This will begin an occasional reminder that ALS is not simply BLS with extras. Advanced Life Support addresses elements an 8 week EMT class barely covers.
I am not an “EMT Hater,” I am not looking to pick a fight with the “Basic for lifers” out there who take their duties seriously. This is geared towards those who think ALS belongs on an ambulance only.
All good Paramedics must be accomplished EMTs. I know that. But on a call the other day, an EMT with clearly no understanding of the situation told me I was in the wrong for checking a blood sugar before a blood pressure. (Altered mental status with bounding radial pulse.) He told me later that I need to “…put that ALS shit aside. BLS before ALS saves lives.”
It took me a minute to see what he meant to say, that BLS is better than nothing and ALS without BLS is clearly silly, but the underlying current is anti-ALS. Mainly because the ALS units here run more than their BLS counterparts.
Advanced Life Support begins when the bells ring and I combine my education and the information coming from radio. From that I can rule in and rule out possible beneficial treatments to conditions I may find. This way I’m not flying in the dark when we arrive.
I learned this business from an instructor who stressed “why.” Your patient’s pulse is 50 and irregular.
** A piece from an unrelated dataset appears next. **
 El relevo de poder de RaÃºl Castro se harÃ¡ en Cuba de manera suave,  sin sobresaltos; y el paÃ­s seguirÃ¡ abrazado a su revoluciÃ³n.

You can treat it right away or you can find out “why” it is that way and treat the cause, not the symptom. Sure your patient is hypotensive, but “why.” It is often the “why” that can steer ALS in one direction or the other.
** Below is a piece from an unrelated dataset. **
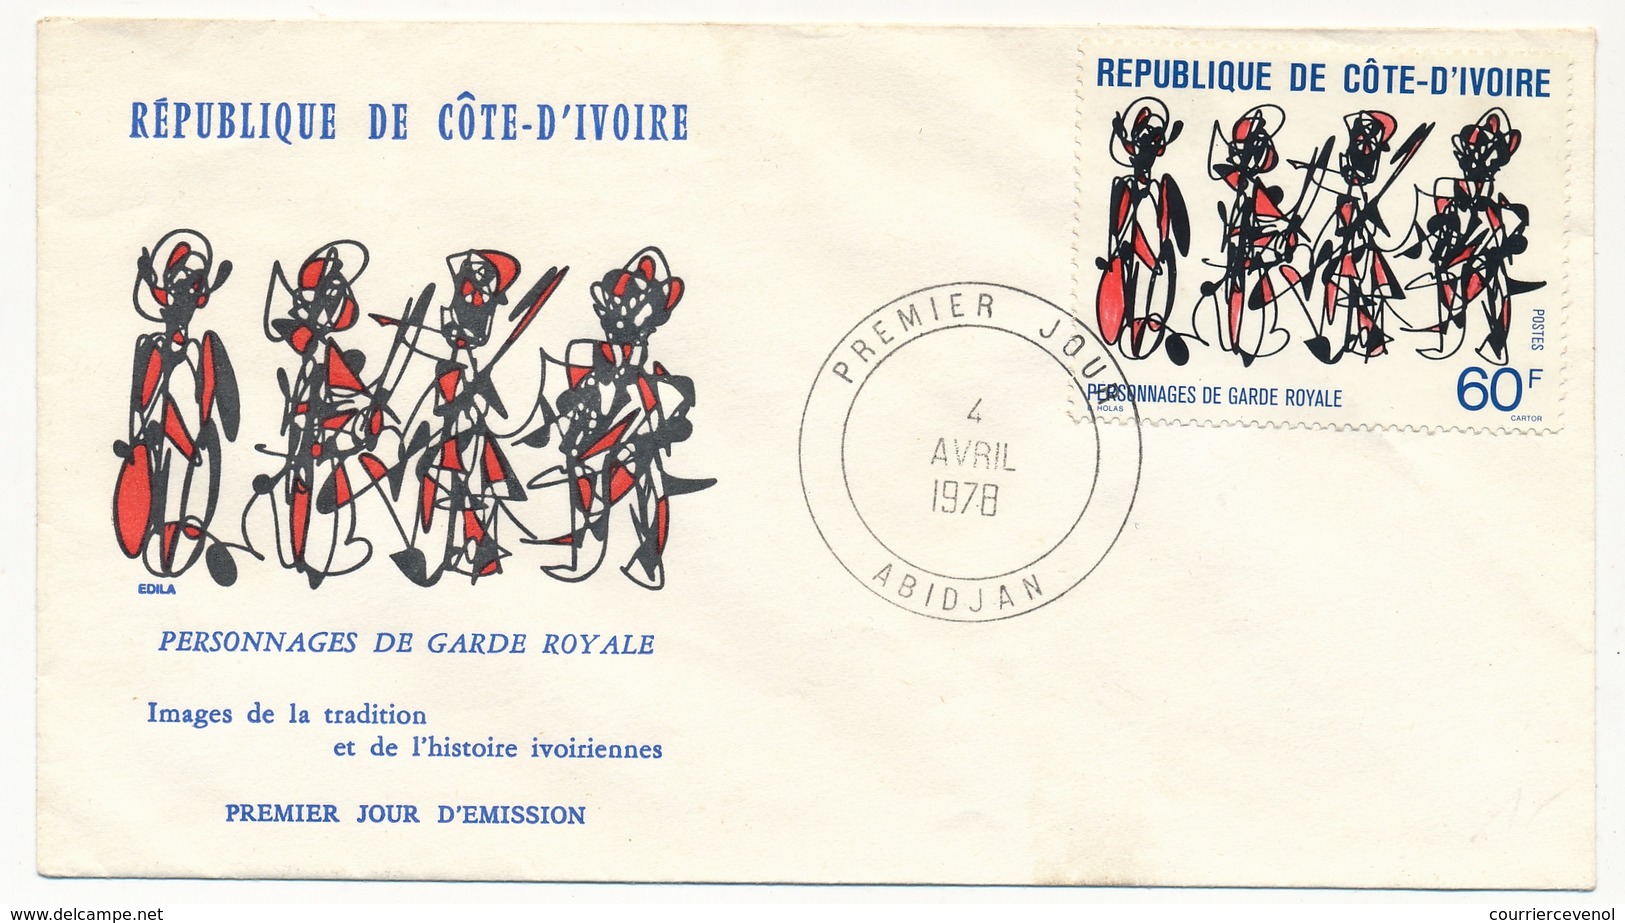 Côte D'Ivoire => 2 Enveloppes FDC - Personnages De Garde Royale - Abidjan - 4 Avril 1978 - Ivory Coast (1960-...)

BLS treats the what, ALS treats the why.
When I asked my co-worker why he thought a blood pressure was warranted right that moment, he replied that was what they do, he didn’t have to care why. He asked if I knew the blood pressure by magic just by checking a pulse. I smiled.
If you have ALS, fight to keep it. If you’ve lost ALS first response in your area, remember that the only rhythm BLS can treat is V-fib. By then it’s too late.